Сталь возобновил прерванный разговор. Стало быть (стало быть), жить в такой затерянной дыре, как эта, невозможно, однако он в ней все-таки жил. А почему? Из-за чего? Он был здесь, потому что сам этого захотел. Захотел, вот и все объяснение. Он был здесь потому что. Короче, история печальная с самого начала. История, связанная с женщиной. Жить в такой затерянной дыре, как эта, невозможно, сказал Сталь, однако он в ней все-таки живет. Можно спросить почему. Смотришь на всех этих типов, европейцев, которые живут в Сан-Кулебра-дель-Порко, и спрашиваешь себя, как они могут жить в Сан-Кулебра-дель-Порко с ее лихорадками, комарами, татуированным солнцем, в ужасной скуке этой тропической, влажной и суррогатной жизни. Он, Сталь, здесь, потому что сам этого захотел, ну, в общем, захотел, вот и все объяснение, и потому что, вот еще одно объяснение. Жить в эдакой стране вот так вот без причины все же невозможно, а его причина это женщина. А вы? Можете даже не отвечать. Все всегда из-за этого. Всегда одна и та же причина, всегда один и тот же повод. Какая-нибудь печальная история. Какая-нибудь история, связанная с женщиной. Какая-нибудь печальная история, связанная с женщиной. Ах эти женщины, мсье.

Да уж, приехать в Сан-Кулебра-дель-Порко, чтобы выслушивать здесь все это.

— Вы ведь тоже, не правда ли, ну признайтесь.

— Точно. Я — тоже.

— Вас обманула женщина?

— Нет. Я ее любил, а она меня нет.

— О-ля-ля, что я и говорил. Что за жизнь. Всегда одна и та же история. Одна и та же тягомотина. А вас не утомляет все время страдать из-за женщин?
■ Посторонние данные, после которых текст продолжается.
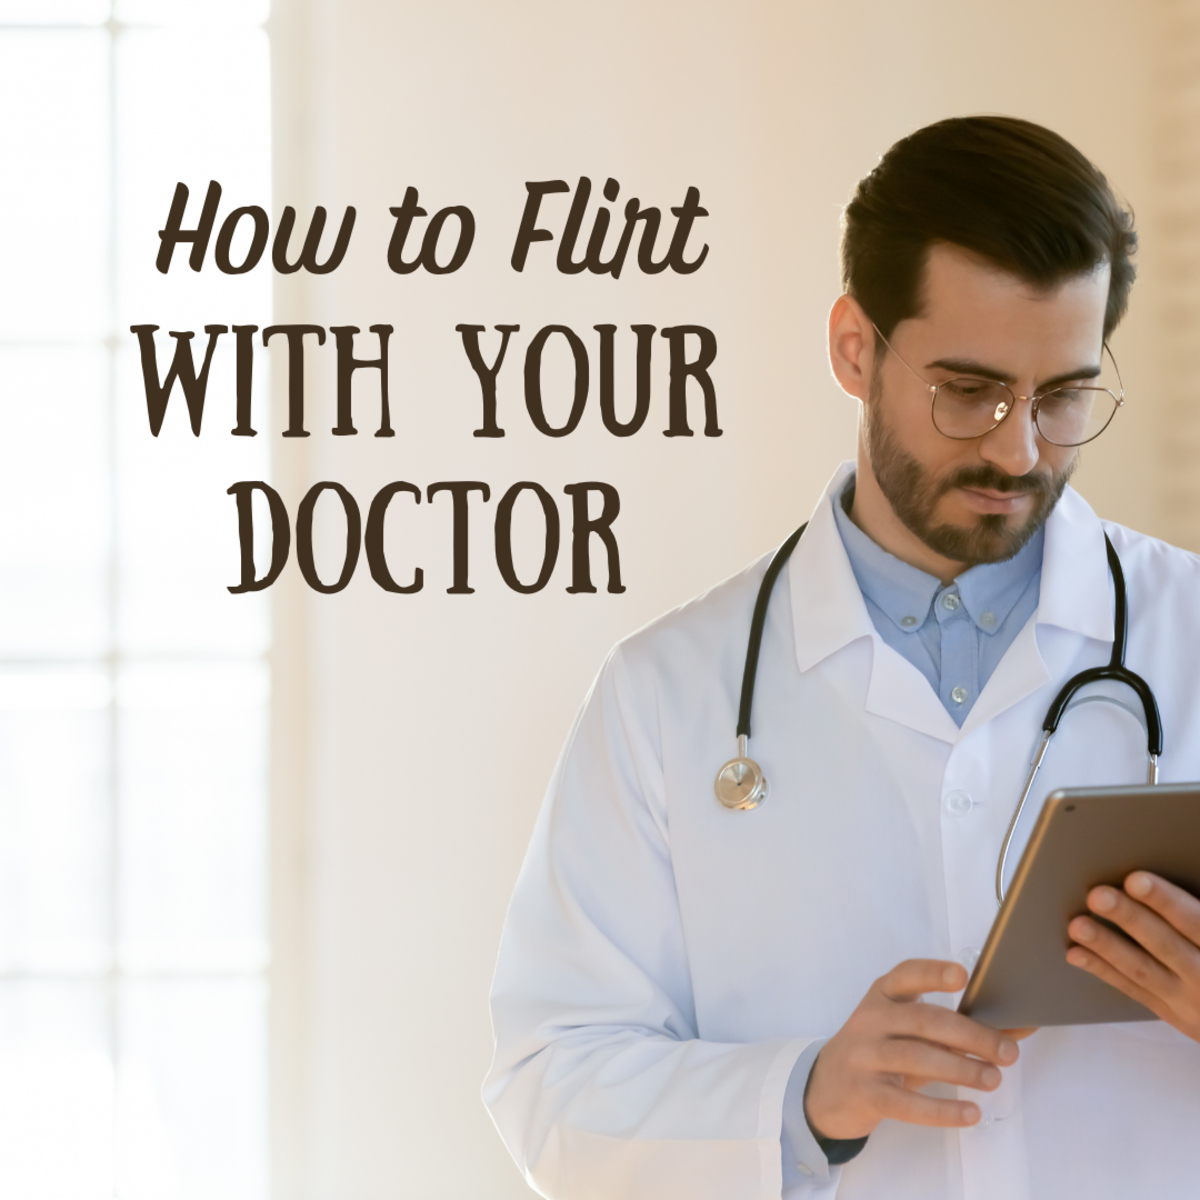 10 Subtle Ways to Hit on Your Doctor

— Еще как, — вздохнул Жак.

— Как все это банально.

— А женщины, — спросил Жак, — женщины, которые живут здесь, они здесь тоже из-за каких-нибудь мужчин?

— Мне по фигу, — сказал Сталь.

— Потанцуем? — спросила одна из приглашенных за стол.

— Я — нет, — сказал Сталь.

Жак встал. Девушка, которую он выбрал, ему улыбнулась, и они упорхнули, скользя по лакированной танцплощадке.

— Я слышала ваш разговор со Сталем, — сказала цыпочка. — Старый мудак.

— Это почему же?

— Любовь это прекрасно, даже если от нее страдаешь.

— Вы действительно так думаете?

— Вовсе нет. Я сказала это только для того, чтобы сказать, что Сталь — старый мудак.

— Понятно.

— Нет, кроме шуток, скажите мне, ну что может быть для мужчин интереснее историй, связанных с женщинами, а для женщин — историй, связанных с мужчинами?

— Не знаю.

— А что вы здесь делаете?

— Я только что провел полгода в диких лесах, где снимал борхеросов, индейцев, как вам конечно же известно, необычайно диких.

— Нужно быть полным извращенцем, чтобы выделывать подобные штуки.

— Точно. Или на душе должно быть тяжело.

— Из-за женщины.

— Точно. Сталь считает это банальным. А я с этим ничего не могу поделать.

— Ты ее любил?

— Вроде того.

— Оказалась злюкой? Вертихвосткой? Стервой?

— Я бы не сказал.

— Изменила? Оскорбила? Бросила?

— Я уже и сам не понимаю.

— Бедный мальчик.

Ногтем указательного пальца она щекочет ему ладонь. Музыка закончилась. Они вернулись за стол.

— Ну как, — спросил Сталь. — Жизнь бурлит?

— Спасибо, — сказал Жак.

Сталь и его подруга возобновили серьезную дискуссию по поводу наркотиков. Вторая пара вернулась к своим сентиментальностям.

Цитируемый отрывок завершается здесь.